> Work required
Nothing but the lines from the one holding "CW Designs Publication Map Ellery Adams" through the last line of the material below should be set down, exactly and without images.

> Exercise data

--------

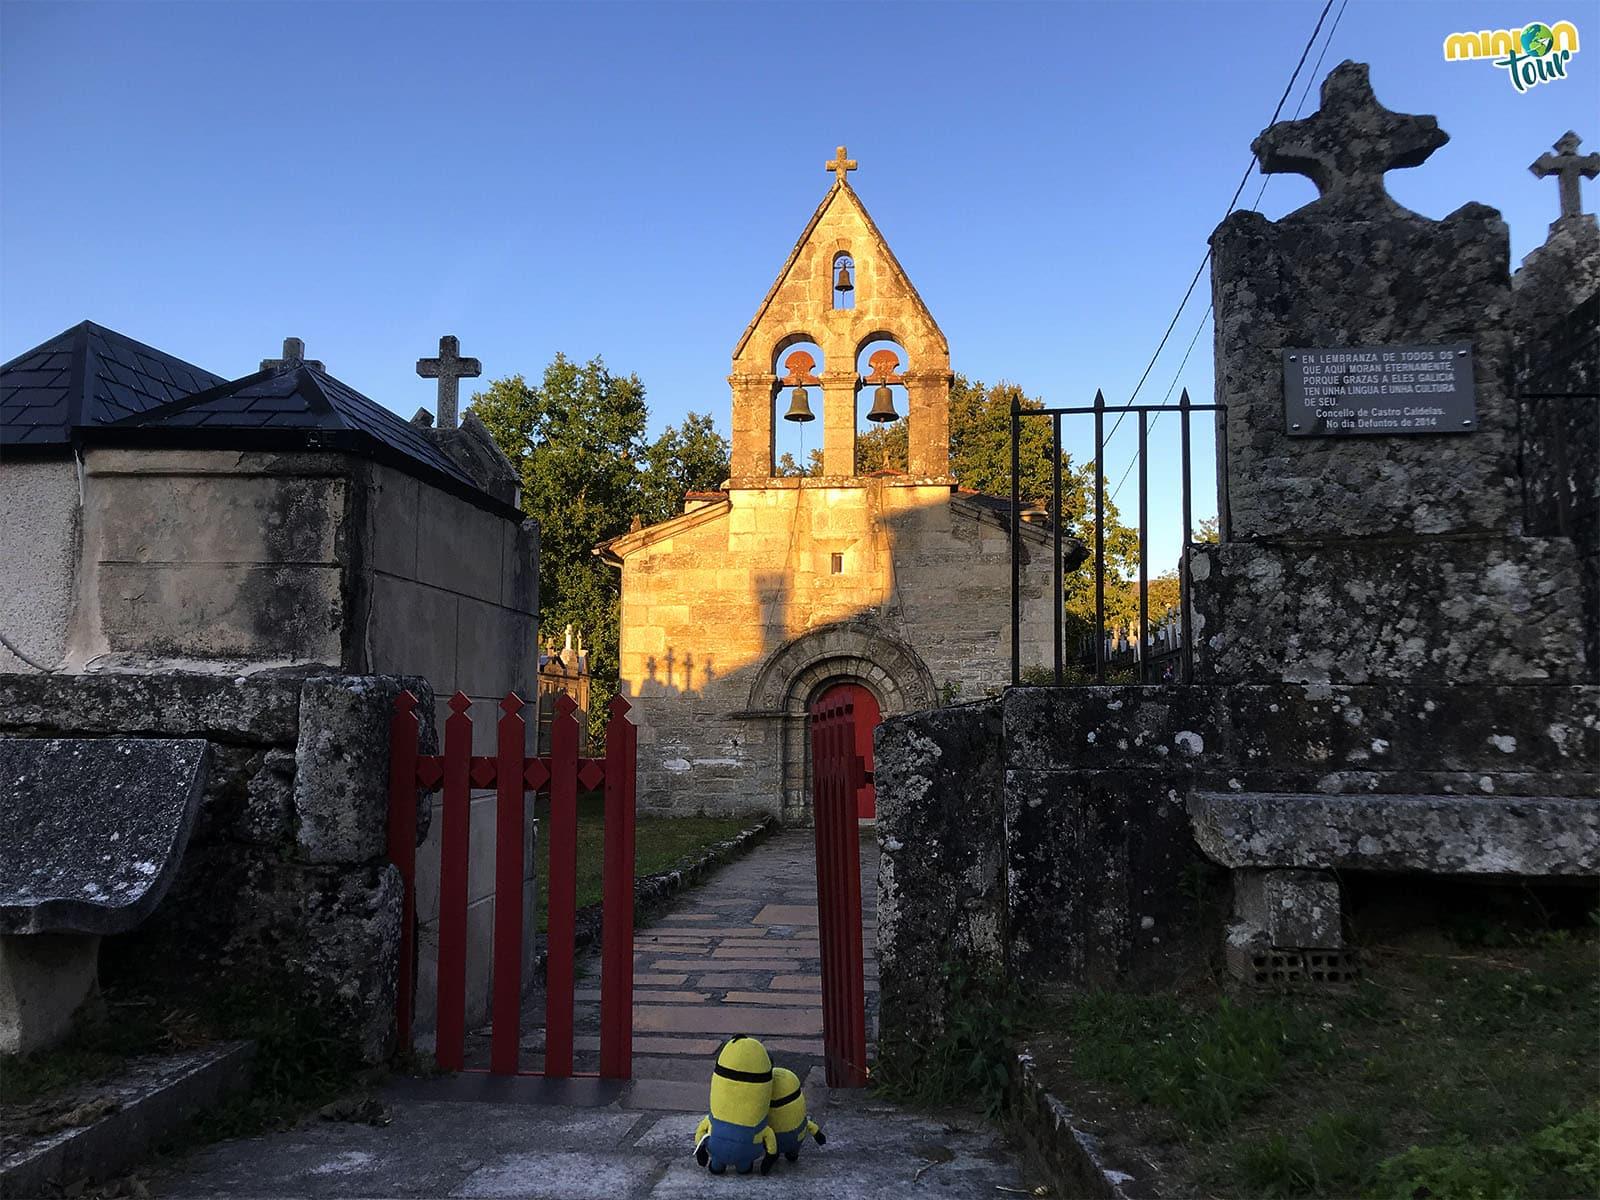 La Iglesia de Santa Tegra de Abeleda en el Sendero de los Bosques Mágicos de Castro Caldelas
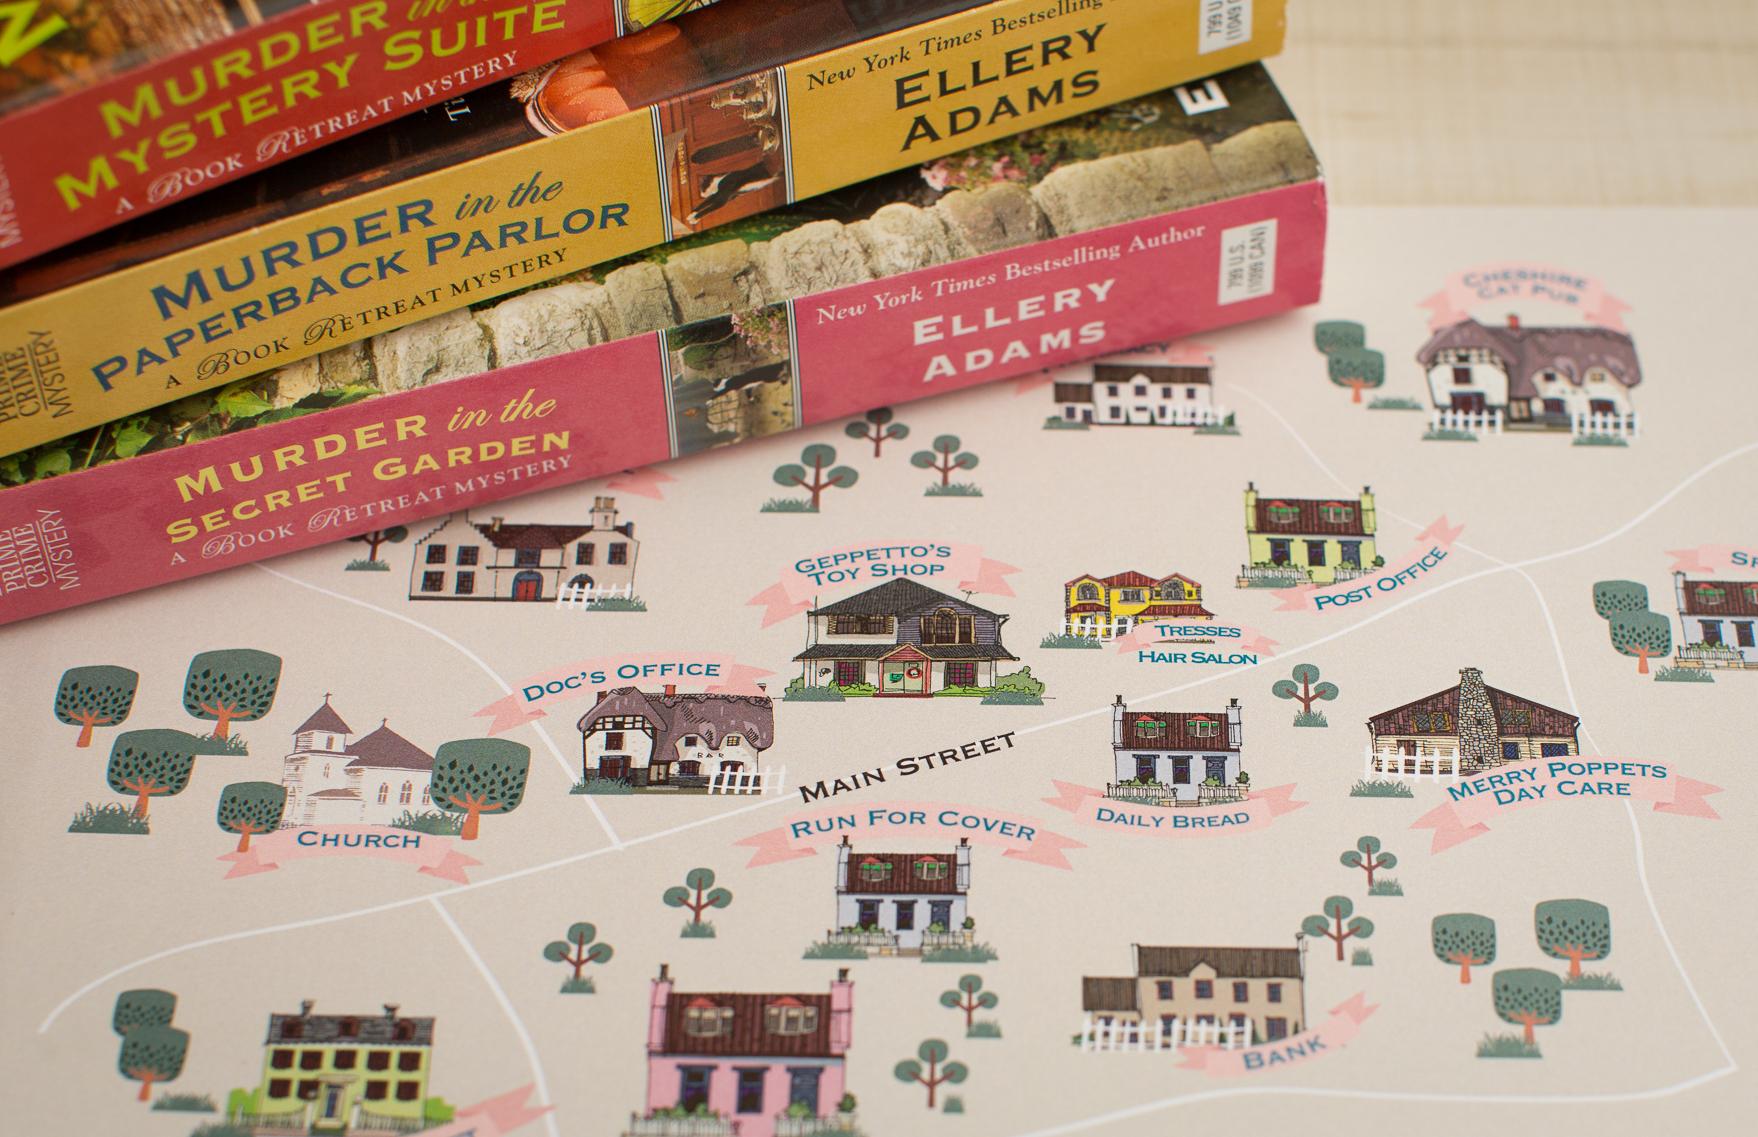 CW Designs Publication Map Ellery Adams
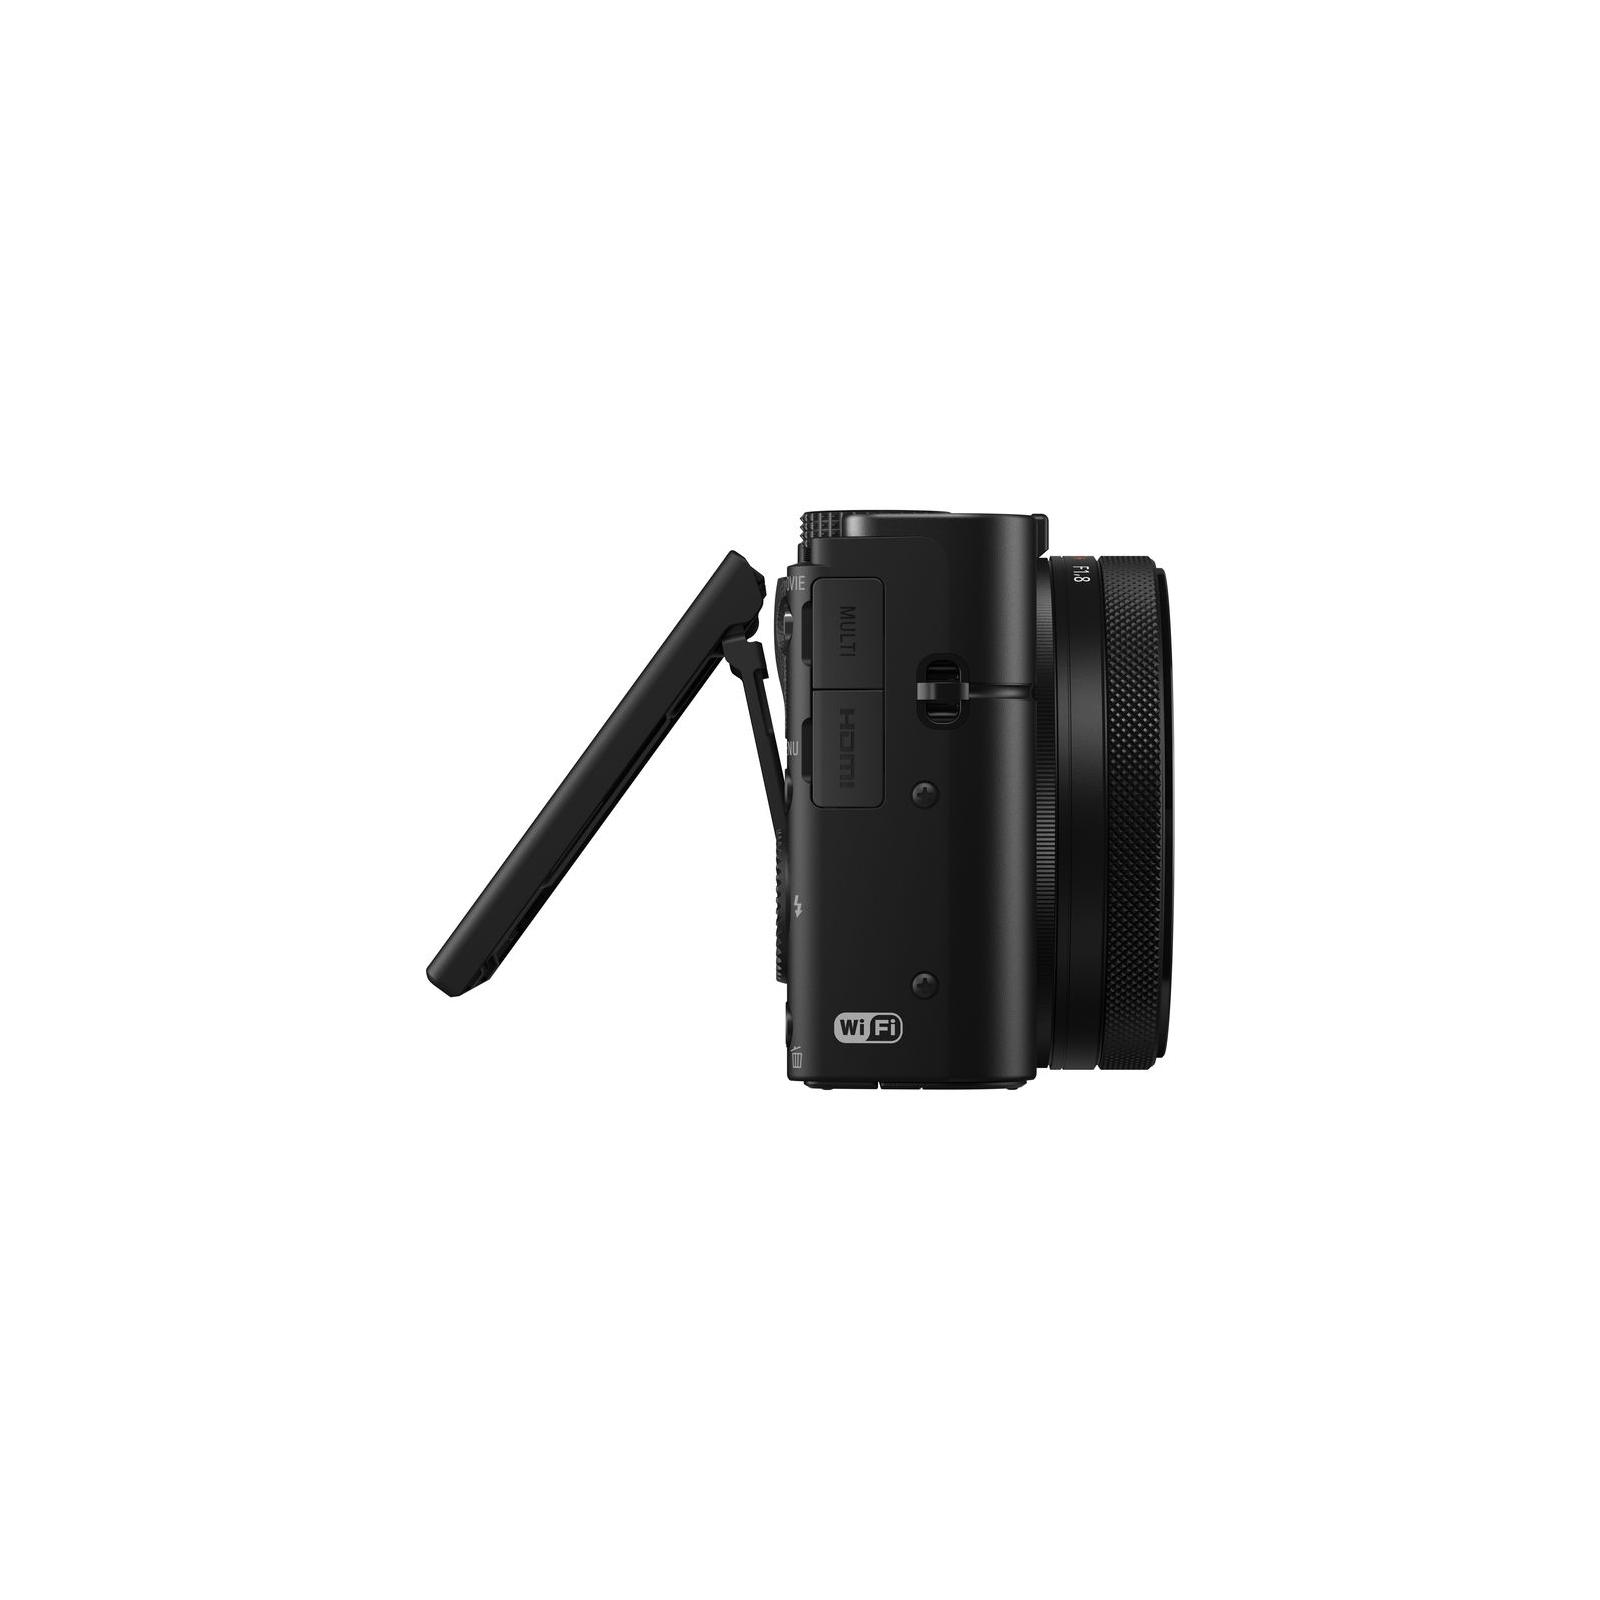 Цифровой фотоаппарат SONY Cyber-Shot RX100 MkIV (DSCRX100M4.RU3) изображение 6

--------

> Response for this exercise
 CW Designs Publication Map Ellery Adams
 Цифровой фотоаппарат SONY Cyber-Shot RX100 MkIV (DSCRX100M4.RU3) изображение 6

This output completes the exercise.